Implement the tool handler

When the LLM calls search_music, your backend executes the search against the Epidemic Sound API and returns the results:

async function handleSearchMusic({ query }) {
const response = await fetch(
`https://partner-content-api.epidemicsound.com/v0/tracks/search?term=${encodeURIComponent(
query
)}&limit=30`,
{ headers: { Authorization: `Bearer ${userToken}` } }
)
return await response.json()
}

Run a multi-turn loop

Send the context (video, text brief, or user prompt) to the LLM with a system prompt that instructs it to call search_music, review the results, and return a final selection:

  1. Send context + prompt to the LLM with the tool declaration
  2. LLM calls search_music (one or more times) — your backend executes each call and returns the results
  3. LLM reviews the returned tracks, optionally refines with another search
  4. LLM returns a final JSON response with selected_track_ids from the search results

The LLM can call the tool multiple times in one session, exploring different angles before settling on its recommendations.

4. Preview Playback

Display search results in a list with cover art, title, artist, BPM, and duration. Add a play/pause button to preview each track.

Streaming Endpoint
  • GET /v0/tracks/{trackId}/stream

See the stream endpoint docs for details.

How Streaming Works

  • The stream endpoint returns a manifest URL (HLS format) for adaptive streaming.
  • Audio is encoded in AAC format (smaller footprint than MP3 for similar quality).
  • To play the manifest URL: use hls.js in web browsers; Safari/iOS have native support; ExoPlayer on Android.

Preview Player Example

<audio id="preview"></audio>
<script src="https://cdn.jsdelivr.net/npm/hls.js@latest"></script>

<script>
const audio = document.getElementById('preview')
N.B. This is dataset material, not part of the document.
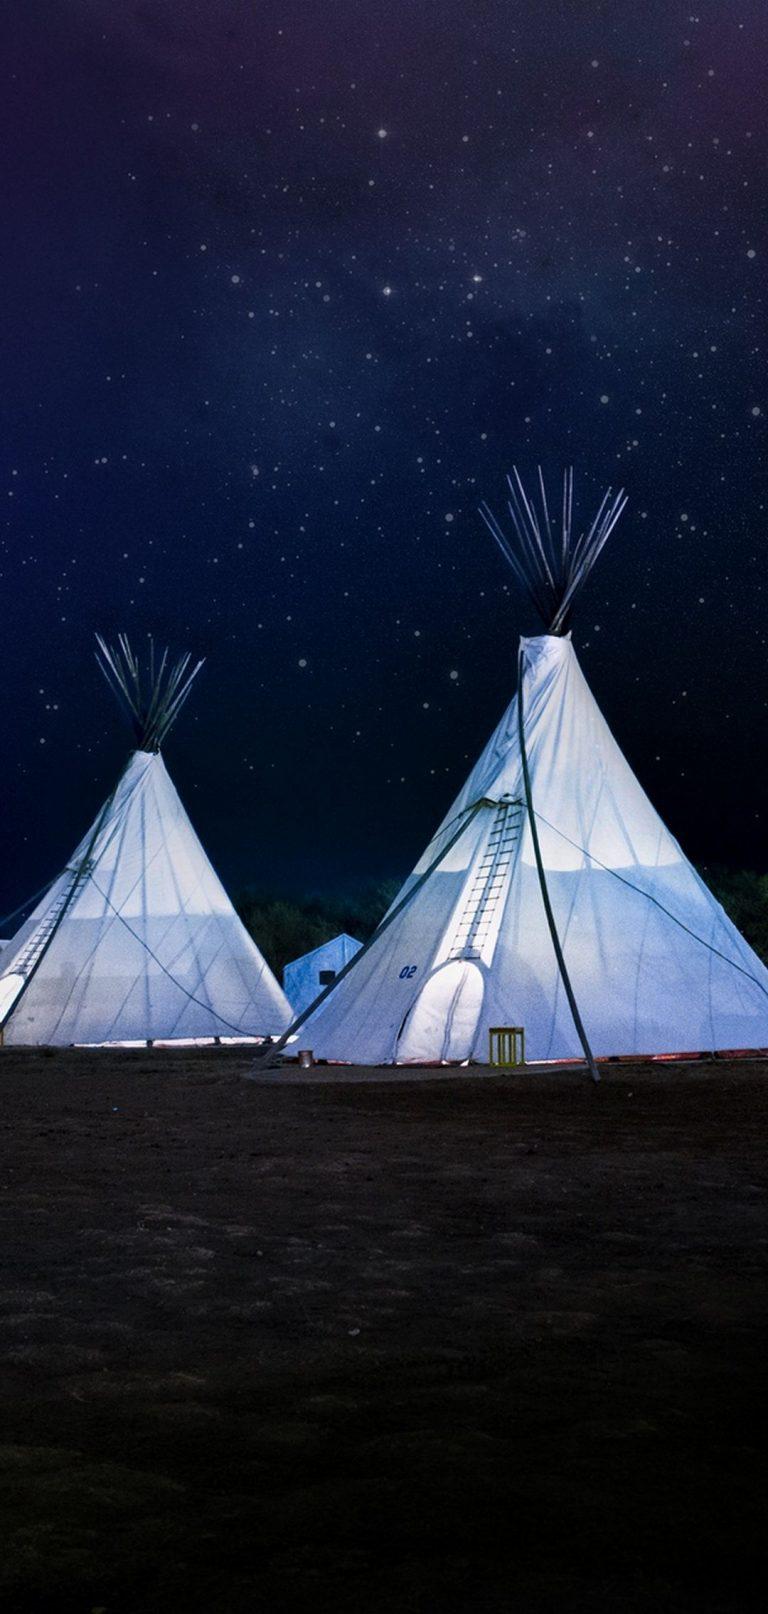 Tents Night Stars 1080x2270 768x1614

async function playTrack(trackId, userToken) {
const res = await fetch(
`https://partner-content-api.epidemicsound.com/v0/tracks/${trackId}/stream`,
{ headers: { Authorization: `Bearer ${userToken}` } }
)
const { url: streamUrl } = await res.json()

if (Hls.isSupported()) {
const hls = new Hls()
hls.loadSource(streamUrl)
hls.attachMedia(audio)
hls.on(Hls.Events.MANIFEST_PARSED, () => audio.play())
} else if (audio.canPlayType('application/vnd.apple.mpegurl')) {
audio.src = streamUrl
audio.play()
}
}
</script>

5. Select & Adapt Length

Once the user picks a track, you can generate an edited version that matches their video duration. The Epidemic Sound API provides Edit Versions endpoints for this (a.k.a. "adapt length").

Endpoints (Beta)
  • POST /v0/tracks/{trackId}/versions
  • GET /v0/tracks/{trackId}/versions/{jobId}

See the edit versions endpoint docs for details.

Flow

  1. Start a job: POST to /v0/tracks/{trackId}/versions with your target duration in milliseconds (1 second to 5 minutes max).
curl -X POST "https://partner-content-api.epidemicsound.com/v0/tracks/123456/versions" \
-H "Authorization: Bearer USER_TOKEN" \
-H "Content-Type: application/json" \
-d '{ "targetDurationMs": 30000 }'

The response includes a jobId.

  1. Poll for status: GET /v0/tracks/{trackId}/versions/{jobId} until status is COMPLETED.
curl "https://partner-content-api.epidemicsound.com/v0/tracks/123456/versions/JOB_ID" \
-H "Authorization: Bearer USER_TOKEN"
  1. Use the result: When complete, the response contains preview and download URLs for the adapted track.

Job Status Values

StatusMeaning
PENDINGJob queued
IN_PROGRESSProcessing
COMPLETEDReady – URLs available
FAILEDError occurred

Longer durations increase processing time. Poll every 2–5 seconds until complete.